Они сидели молча друг против друга минуты три, и слышно было, как за стеной храпел поручик Раух, должно быть, мертвецки пьяный, как пробили одиннадцать раз часы на крепостной башне. Где-то в щели назойливо верещал сверчок, а под полом шебуршала беспокойная мышь. Лихунову сильно хотелось пить, но он не слышал, что Игнат уже трижды стучал в дверь, осторожно, робко предупреждая о готовности самовара.

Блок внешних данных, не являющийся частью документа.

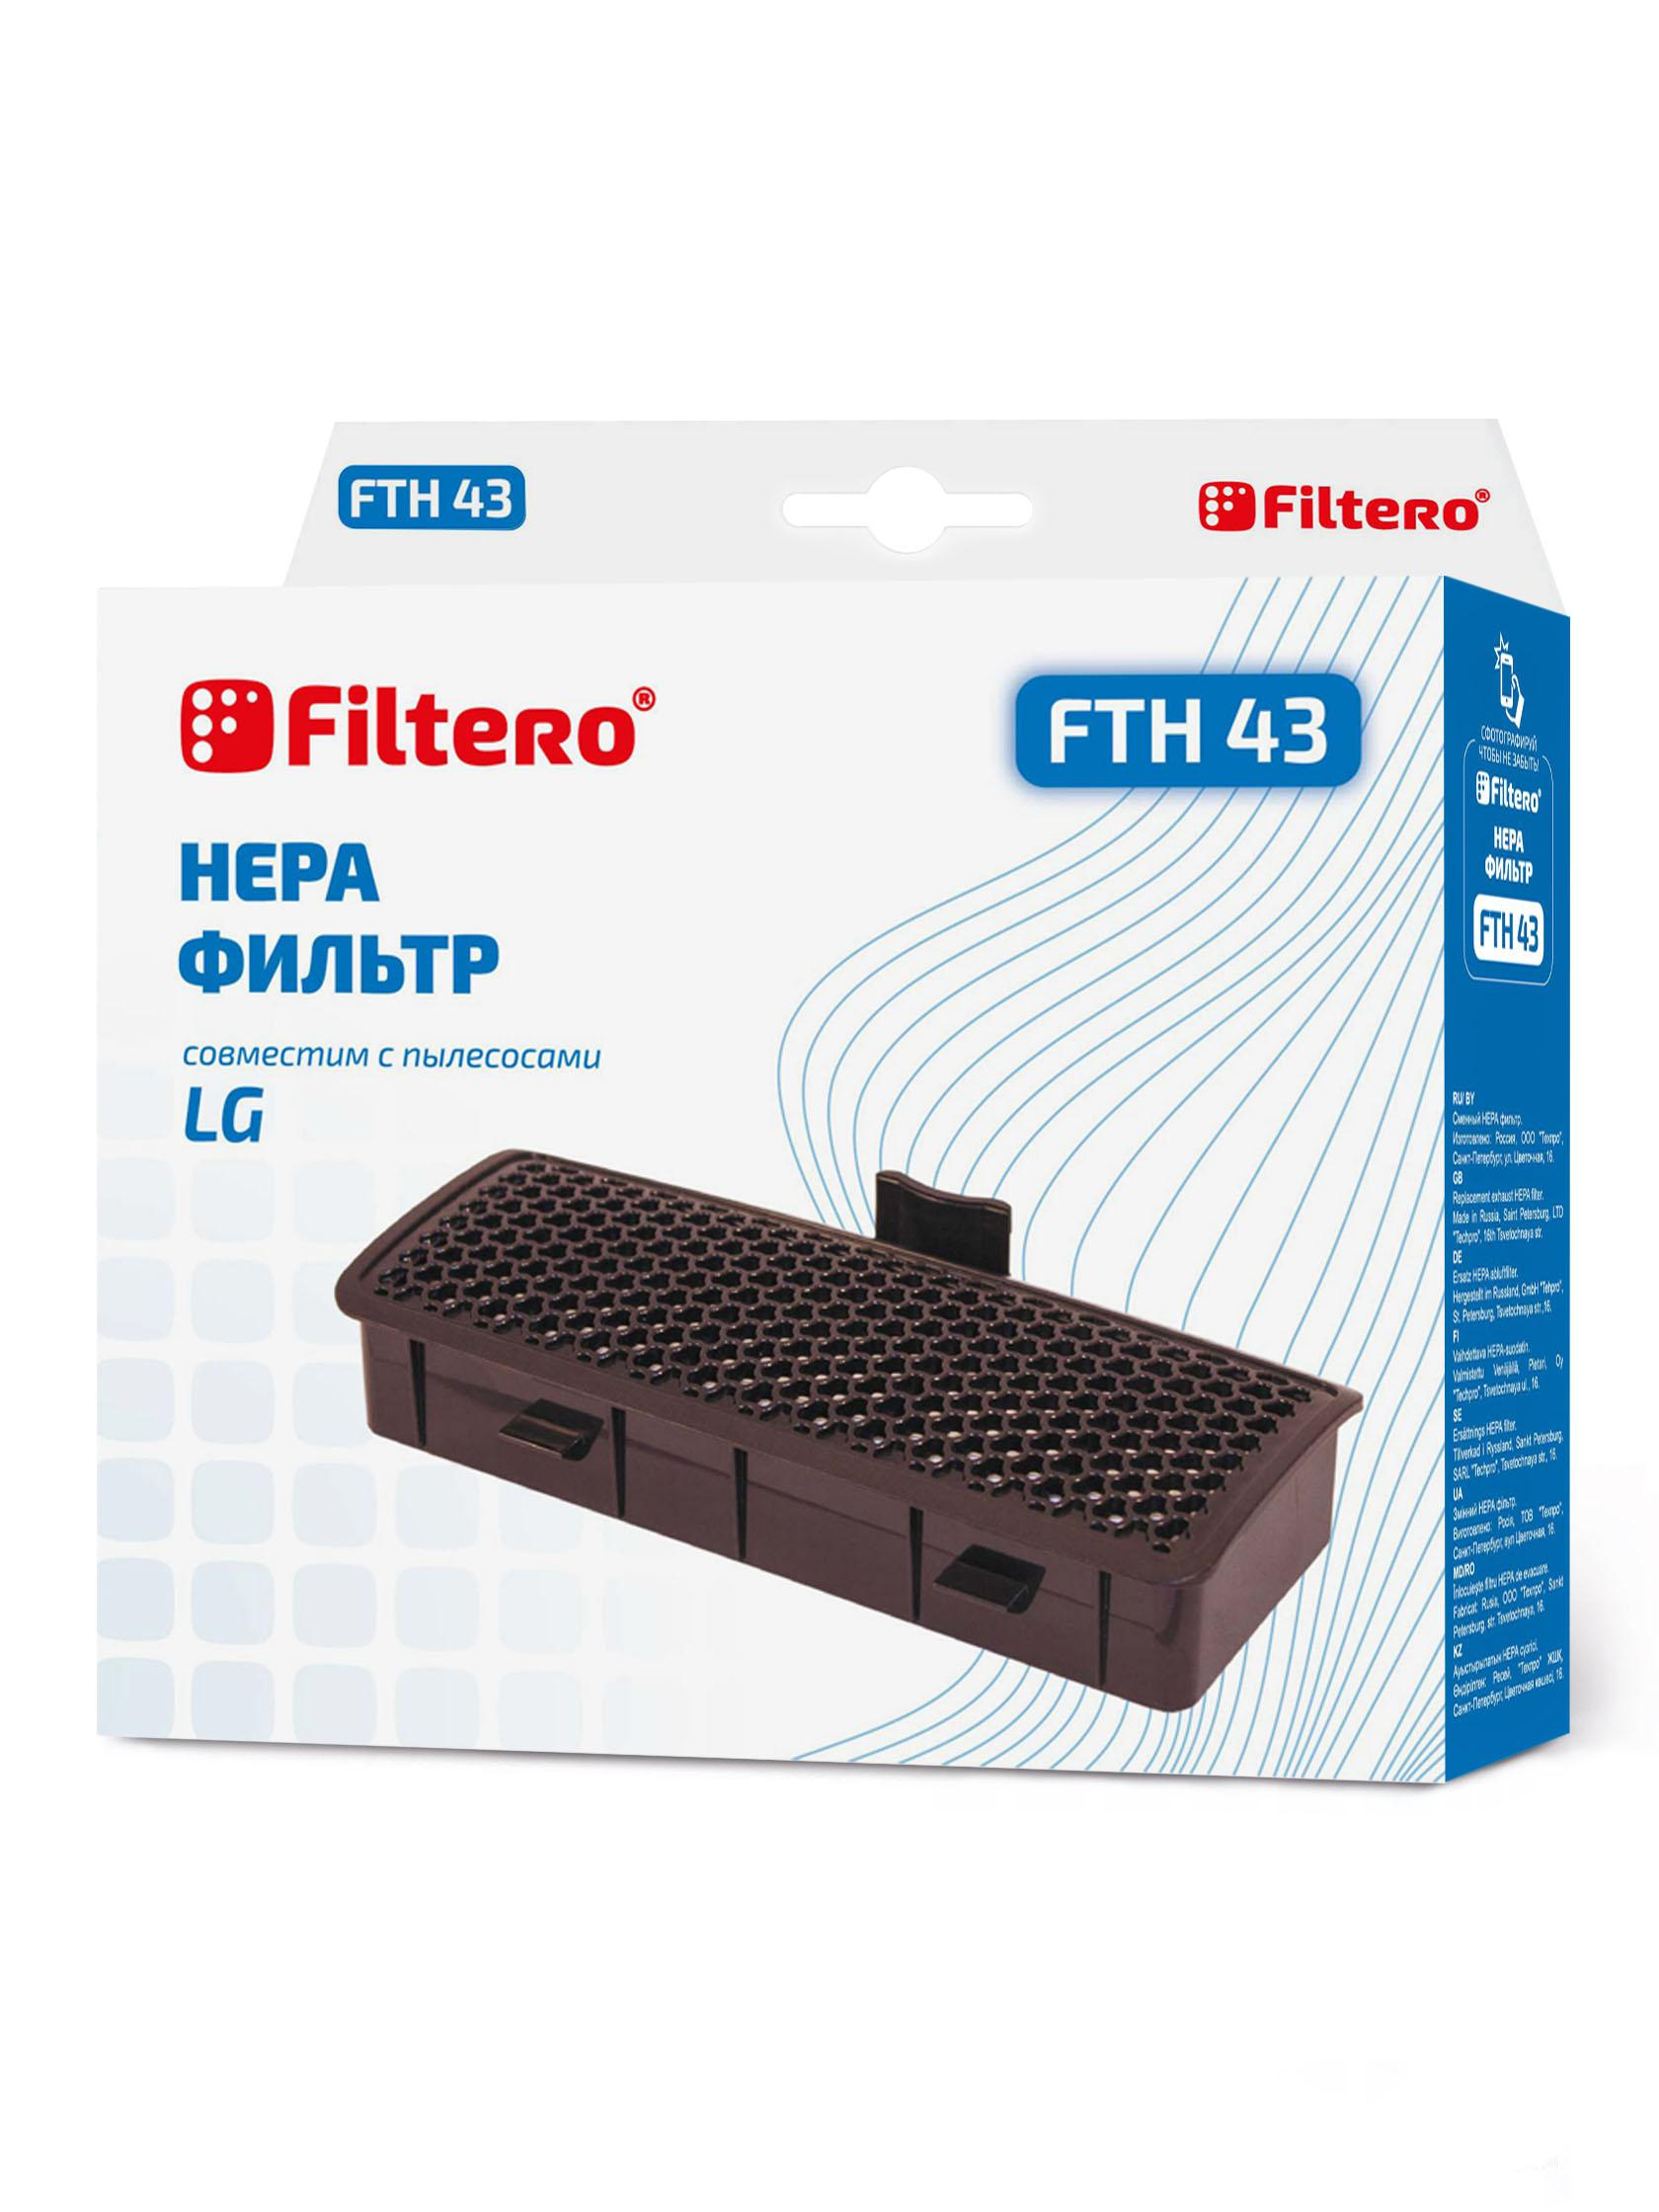 Фильтр Filtero Fth 43 lge hepa фильтр filtero fth 45 lge для lg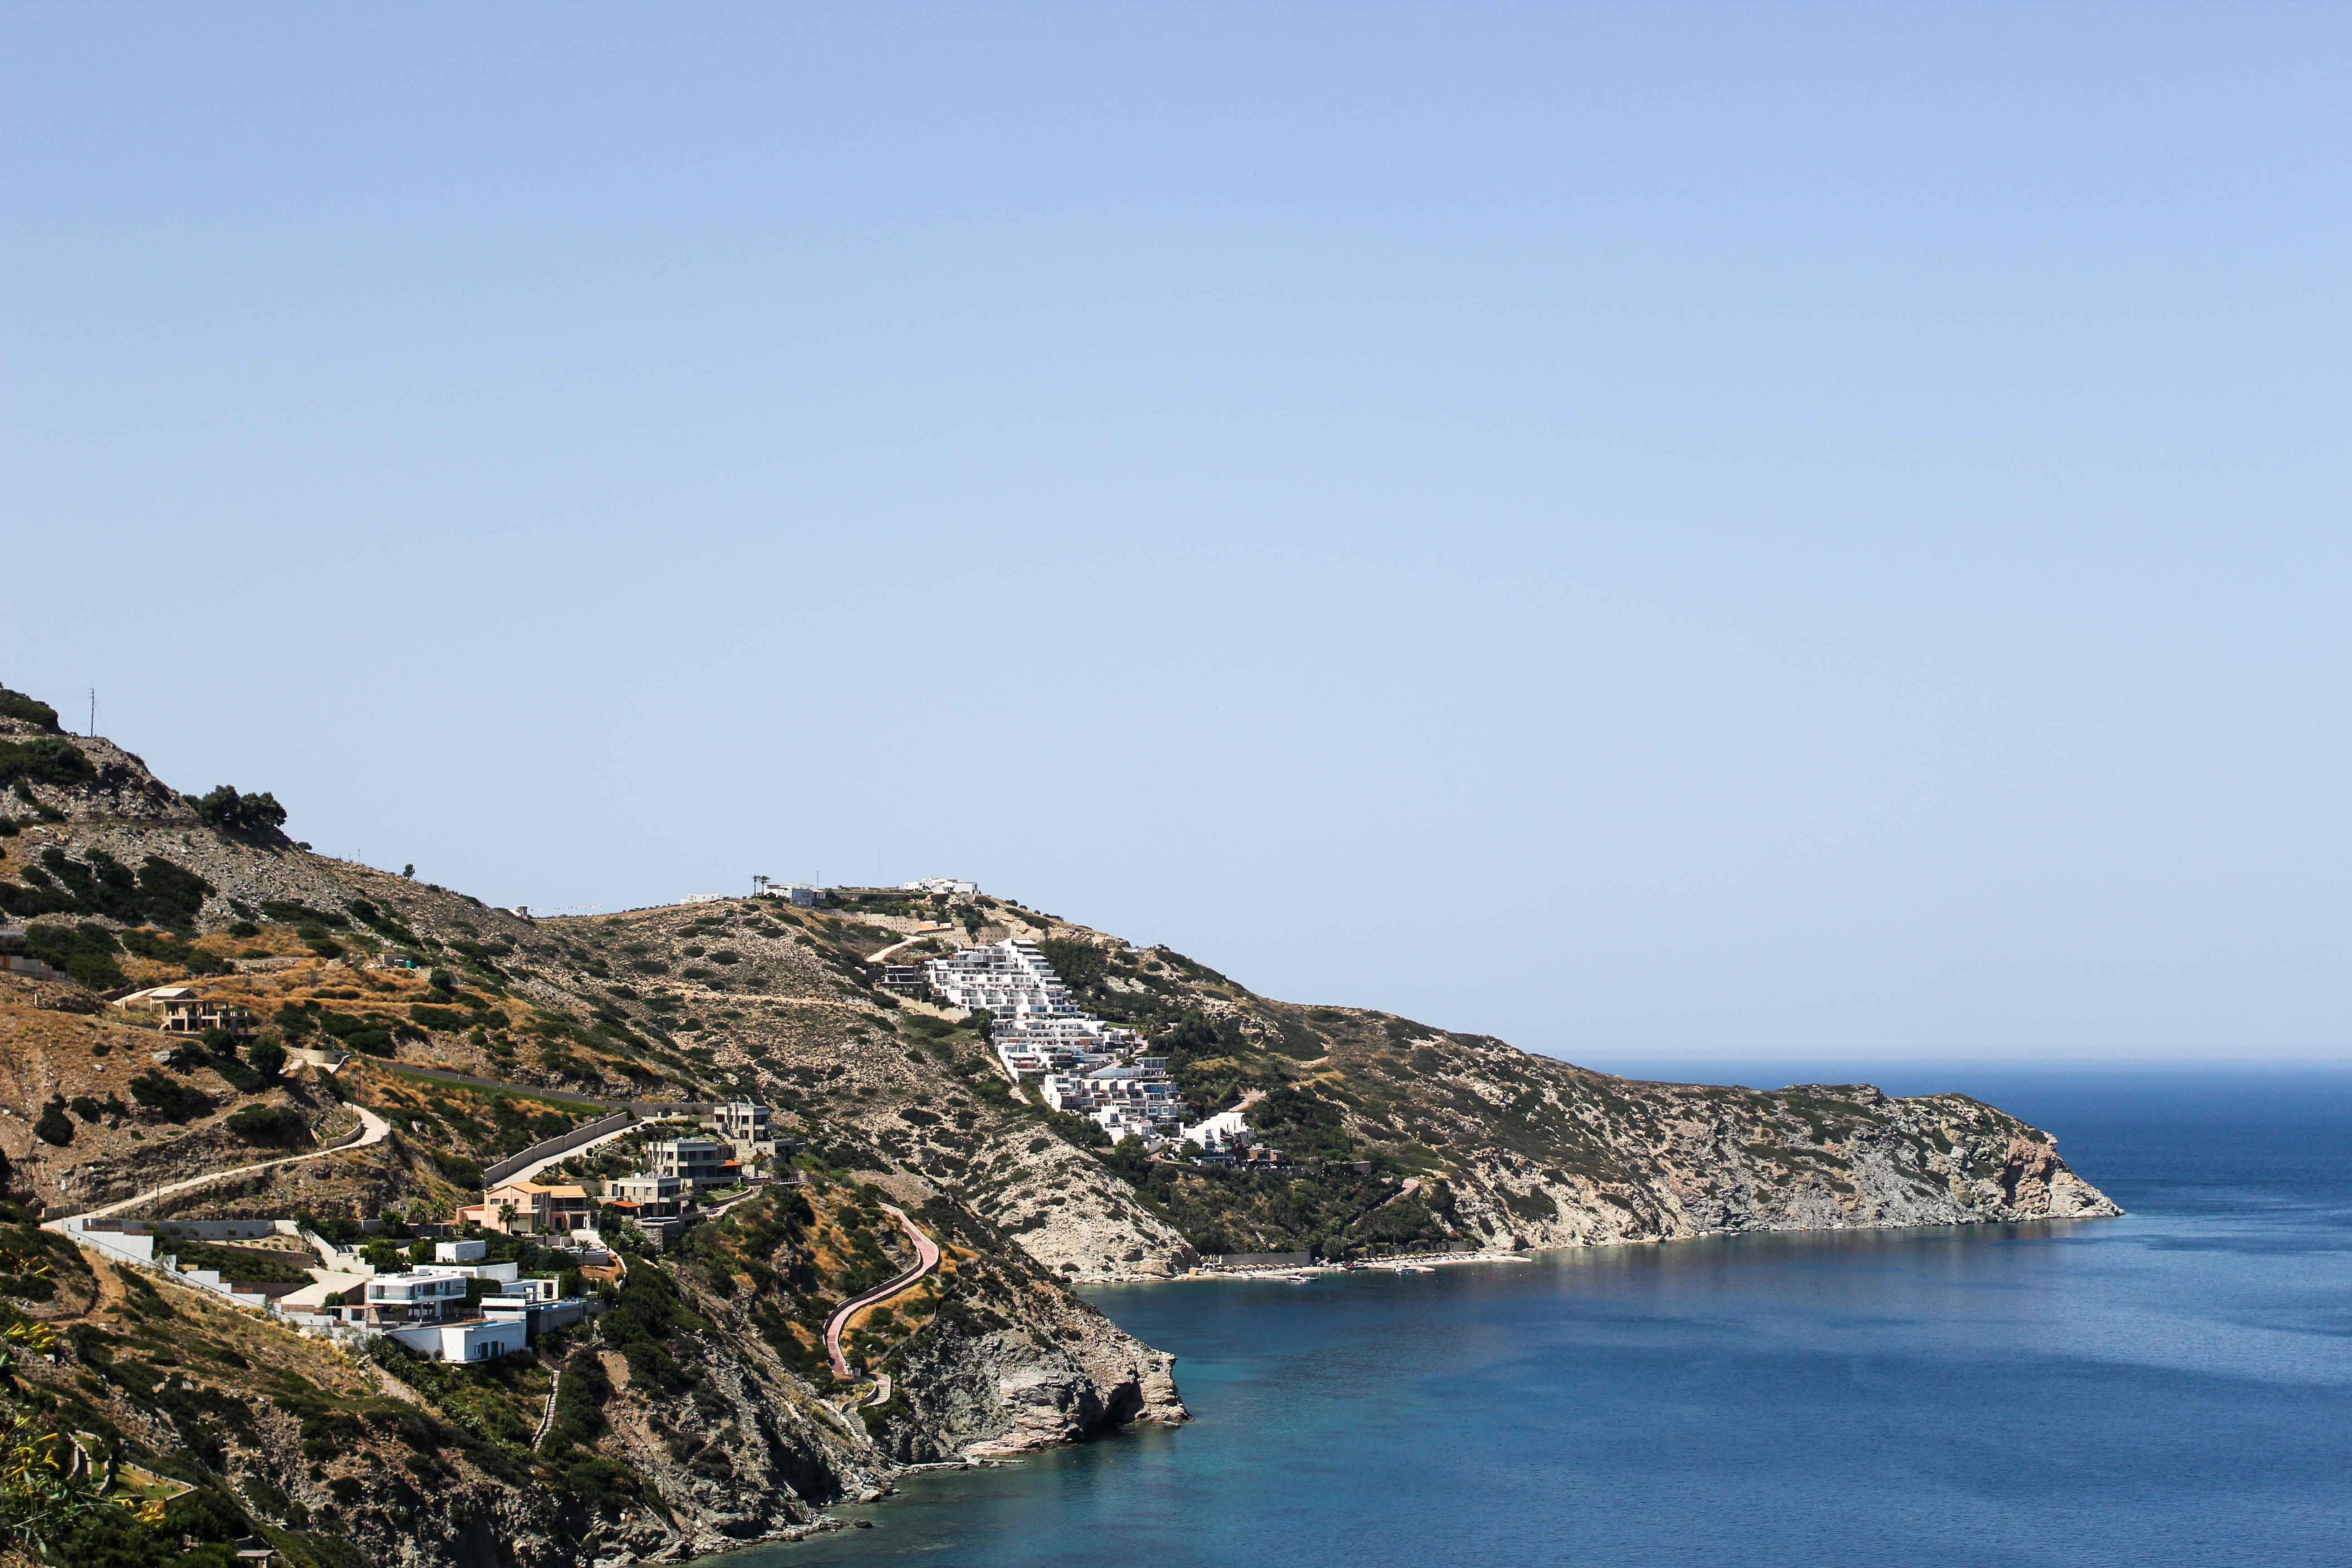 Top Kreta Sightseeing Kreta Sehenswürdigkeiten für einen Tagesausflug Meer Klippe Ausflug Mietwagen blog

– Когда ты рассказывала о гибели своего отца, – продолжил Лихунов, и Маша заметила, что голос его посветлел – наверное, он уже сбросил большую часть своей тяжкой ноши, – я, – и прости меня, – слушал об этом с каким-то особым удовольствием. То, что сделали они у вас в городке… все это было нужно. Потом мой подчиненный пленного австрийца застрелил, а я стоял и наблюдал, потому что что-то говорило мне тогда – так надо. И вот вчера я сам убил человека и, странно, ничуть об этом не жалею. Все это совершающееся сейчас зло необходимо, оно уже прокладывает путь для будущего мира. Но, знаешь, сегодня меня допрашивал военный следователь, подлец и очень глупый человек, но он, мне показалось, догадался. Сказал мне, что я недостоин быть защитником отечества. Не знаю, что бы было со мной, если бы меня на самом деле отстранили от командования.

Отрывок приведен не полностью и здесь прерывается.